Deputy Vice-Chancellor of Research and Enterprise Richard Blaikie says it gives him great pleasure that the qualities of leading Otago researchers have been recognised alongside the other outstanding recipients. Other top Otago researchers have also been recognised in group awards, Professor Blaikie says.

Senior Lecturer in Māori Physical Education and Health, Dr Anne-Marie Jackson, has been awarded the 2019 Te Kōpūnui Māori Research Award for community research forging new knowledge at the interface of mātauranga Māori and Physical Sciences.

In 2019, Dr Jackson led a team of researchers and communities to create a free Māori water safety programme to strengthen whānau connection to the water.

Although water is the giver of life for Māori, it is also the source of tragedy, and Māori consistently represent 20 to 25 per cent of New Zealand’s drownings despite forming 15 per cent of the population.

"What I hope to achieve in our research is simple - and that is mauri ora (flourishing wellness)," she says.

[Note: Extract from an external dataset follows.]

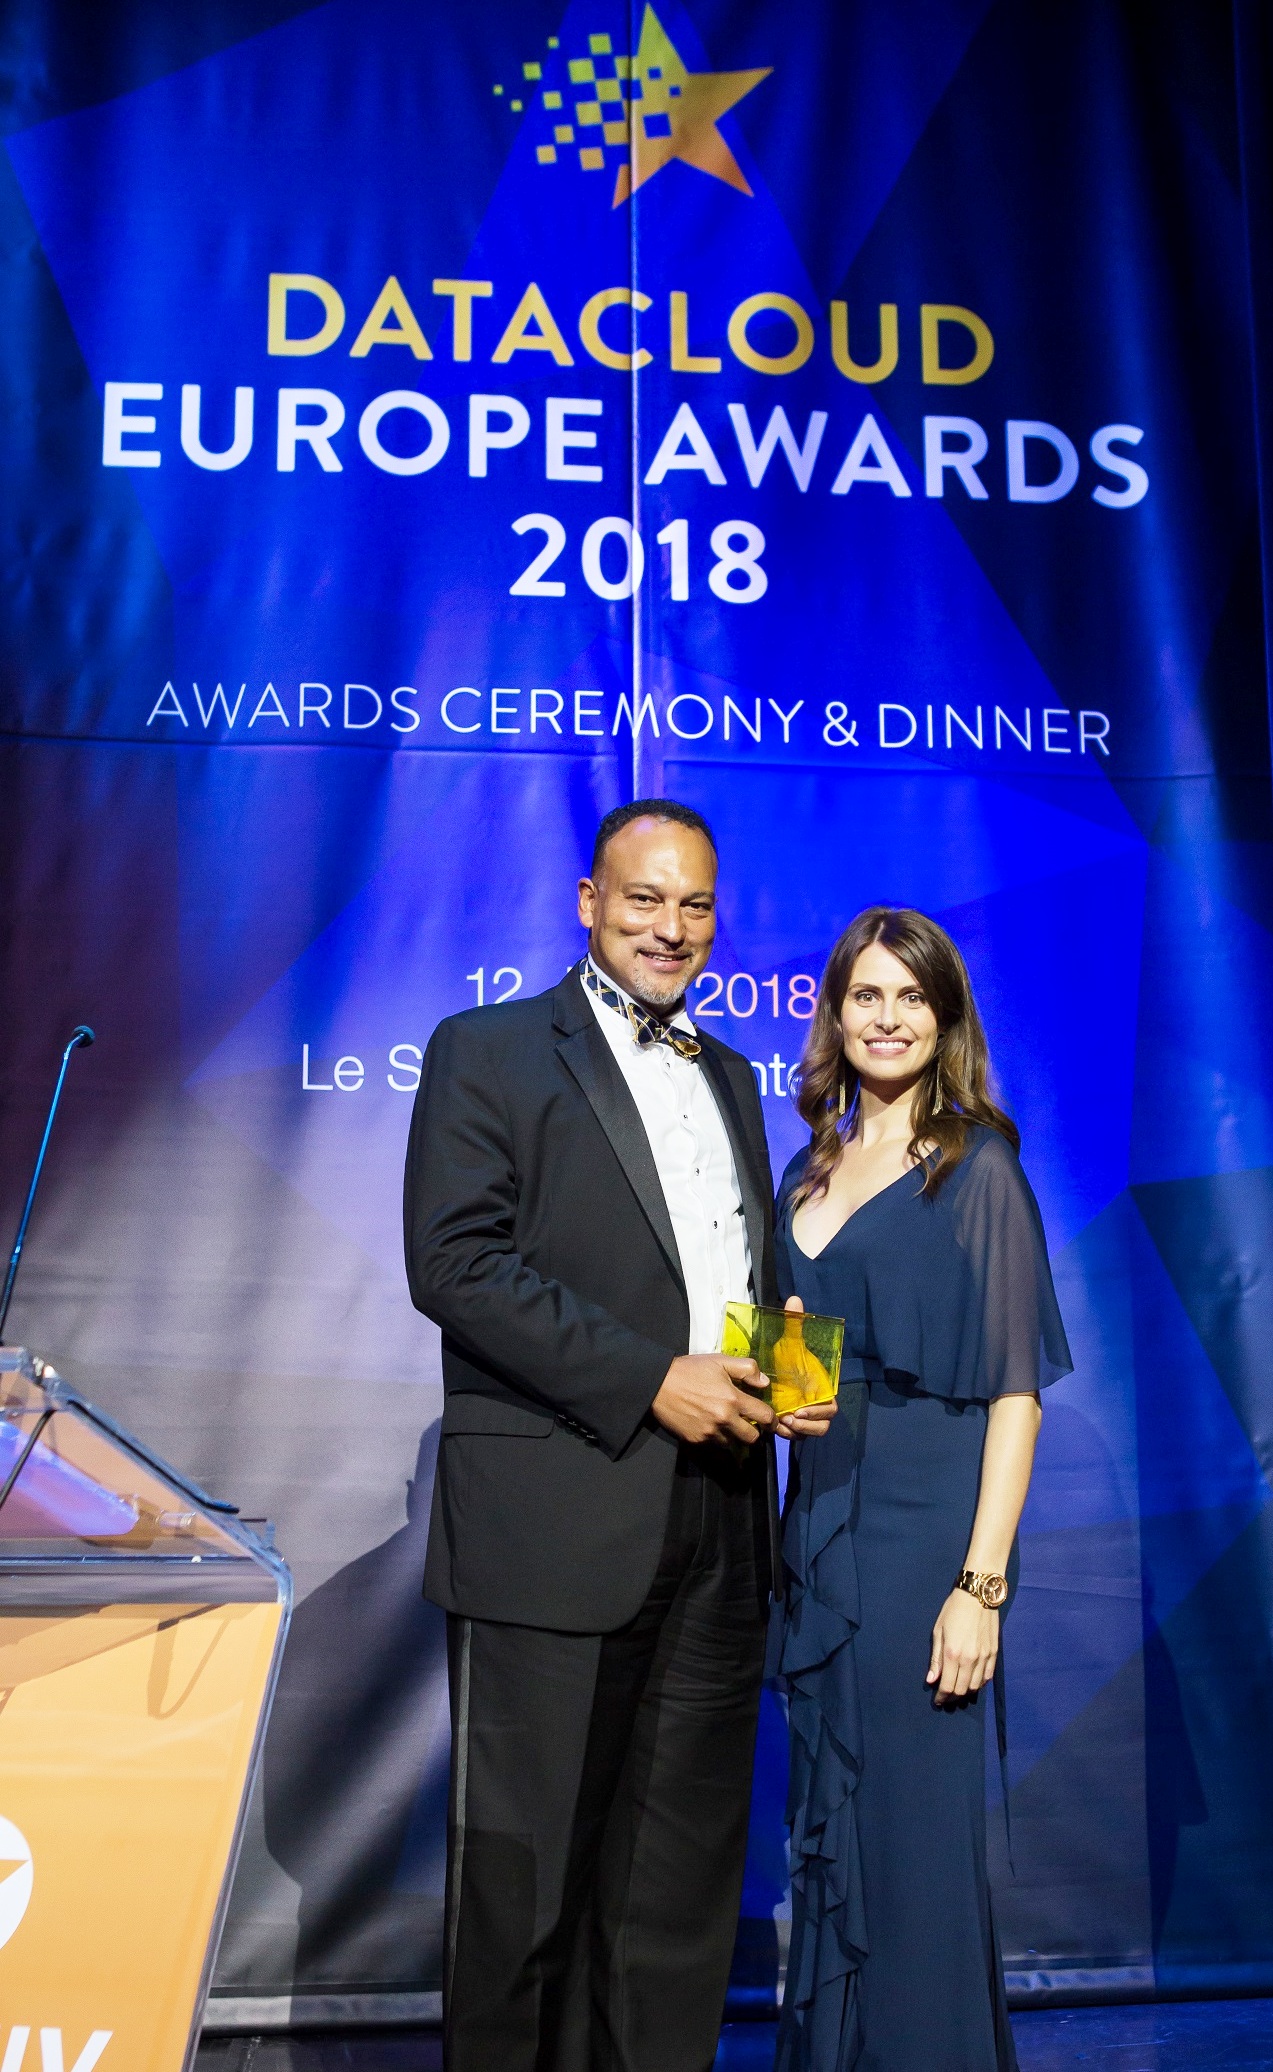 The Managing Director of Rack Centre Ayotunde Coker with Ellie Taylor the Presenter and renowned English Comedian at the recent Datacloud Europe Awards in Monaco

She dedicated her award to her mother, who had "always promoted excellence in education".

"Being a Māori academic who engages in this style of research has certain challenges," she says.

"Winning this award is recognition for our communities, colleagues, mentors, and our research kaupapa of Te Koronga and Te Tiaki Mahinga Kai in our expression of Māori research excellence."

Fellow University of Otago scientist Professor of Chemistry Keith Gordon has been awarded the MacDiarmid Medal for his innovative use of light to understand molecular structure across a range of areas that impinge on technology, health and the environment.

Professor Gordon uses the interactions between light and matter - known as spectroscopy - to probe the molecular structure in a wide range of materials from solar cells, fish oils to plastics in the environment.

In solar cell research, he and his team have improved solar cell performance to make the cells better at absorbing light and conducting charges created by light absorption. Professor Gordon says he is very pleased to receive the award and thanked his family for their support. "Science is a team effort and in addition to the students and postdocs I have worked with over the years, I would like to acknowledge the scholarly community that I enjoy working in at the University of Otago Chemistry Department, and my collaborators and colleagues in the Dodd-Walls Centre, the MacDiarmid Institute and the Riddet Institute."